Factors Associated with First-Fill Adherence Rates for Diabetic Medications: A Cohort Study

Nirav R Shah 1,2,4,, Annemarie G Hirsch 1, Christopher Zacker 3, Scott Taylor 1, G Craig Wood 1, Walter F Stewart 1
PMCID: PMC2629003  PMID: 19093157

Abstract

Background

Little is known about first-fill adherence rates for diabetic medications and factors associated with non-fill.

Objective

To assess the proportion of patients who fill their initial prescription for a diabetes medication, understand characteristics associated with prescription first-fill rates, and examine the effect of first-fill rates on subsequent A1c levels.

Design

Retrospective, cohort study linking electronic health records and pharmacy claims.

Participants

One thousand one hundred thirty-two patients over the age of 18 who sought care from the Geisinger Clinic, had Geisinger Health Plan pharmacy benefits, and were prescribed a diabetes medication for the first time between 2002 and 2006.

Measurements

The primary outcome of interest was naïve prescription filled by the patient within 30 days of the prescription order date.

Results

The overall first-fill adherence rate for antidiabetic drugs was 85%. Copays < $10 (OR 2.22, 95% CI 1.57–3.14) and baseline A1c > 9% (OR 2.63, 95% CI 1.35, 5.09) were associated with improved first-fill rates while sex, age, and co-morbidity score had no association. A1c levels decreased among both filling and non-filling patients though significantly greater reductions were observed among filling patients. Biguanides and sulfonylureas had higher first-fill rates than second-line oral agents or insulin.

Conclusions

First-fill rates for diabetes medication have room for improvement. Several factors that predict non-filling are readily identifiable and should be considered as possible targets for interventions.

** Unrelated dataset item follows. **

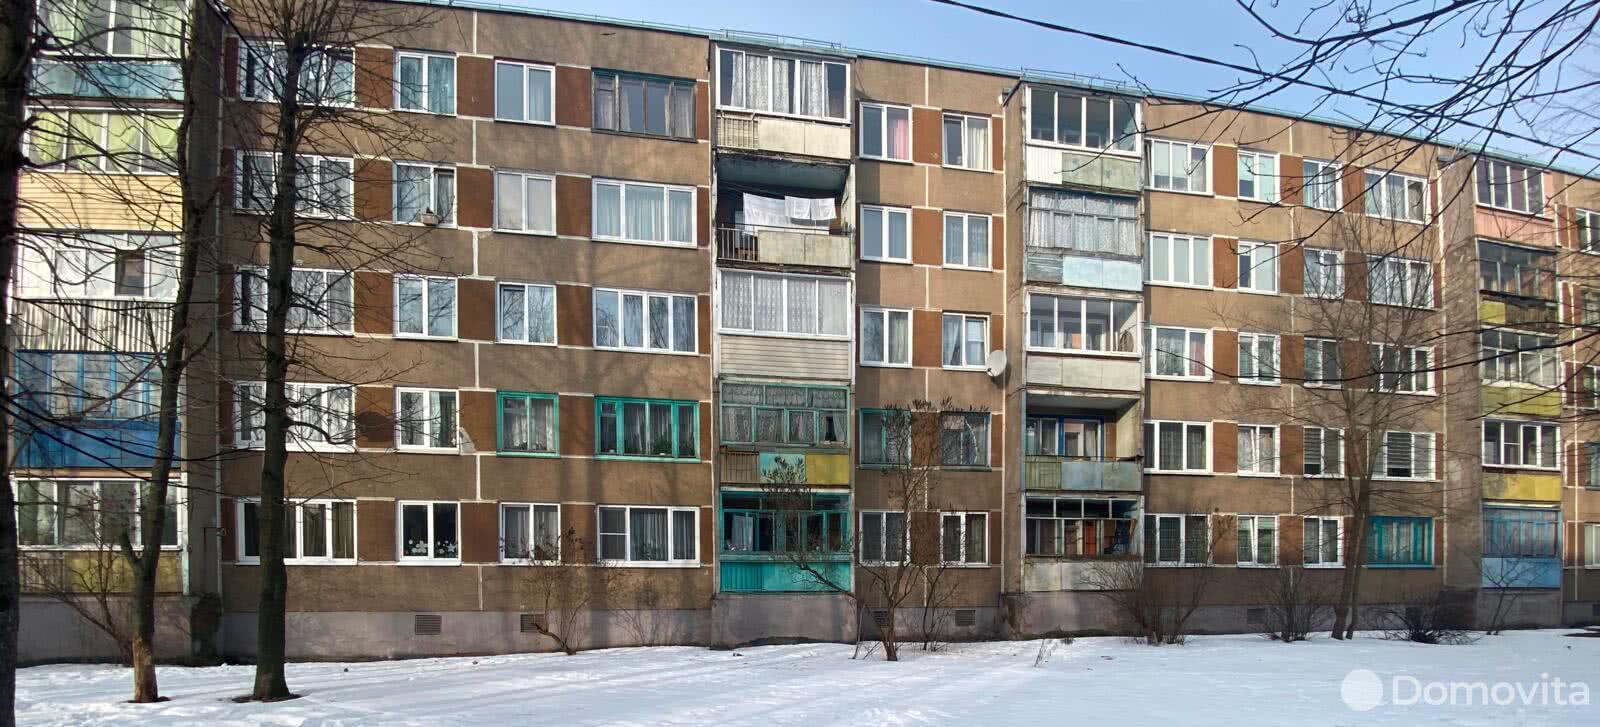 продажа квартиры, Могилев, ул. Крупской, д. 188

KEY WORDS: diabetes, medication adherence, electronic health records, pharmacoepidemiology

INTRODUCTION

Much of the distance between the promise of evidence-based medicine and reality of improved patient outcomes can be attributed to problems in the ‘last mile,’ or patient adherence—the “extent to which a person’s behavior coincides with medical or health advice.”1 Prescription medication adherence is strongly associated with outcomes for a number of chronic diseases.2,3 Most of the evidence, however, is based on follow-up studies of patients who have filled their first prescription; relatively little is known about the percent of prescriptions that are never filled and the impact of overall first-fill non-adherence on disease outcomes. Similarly, factors associated with non-fill have yet to be explored.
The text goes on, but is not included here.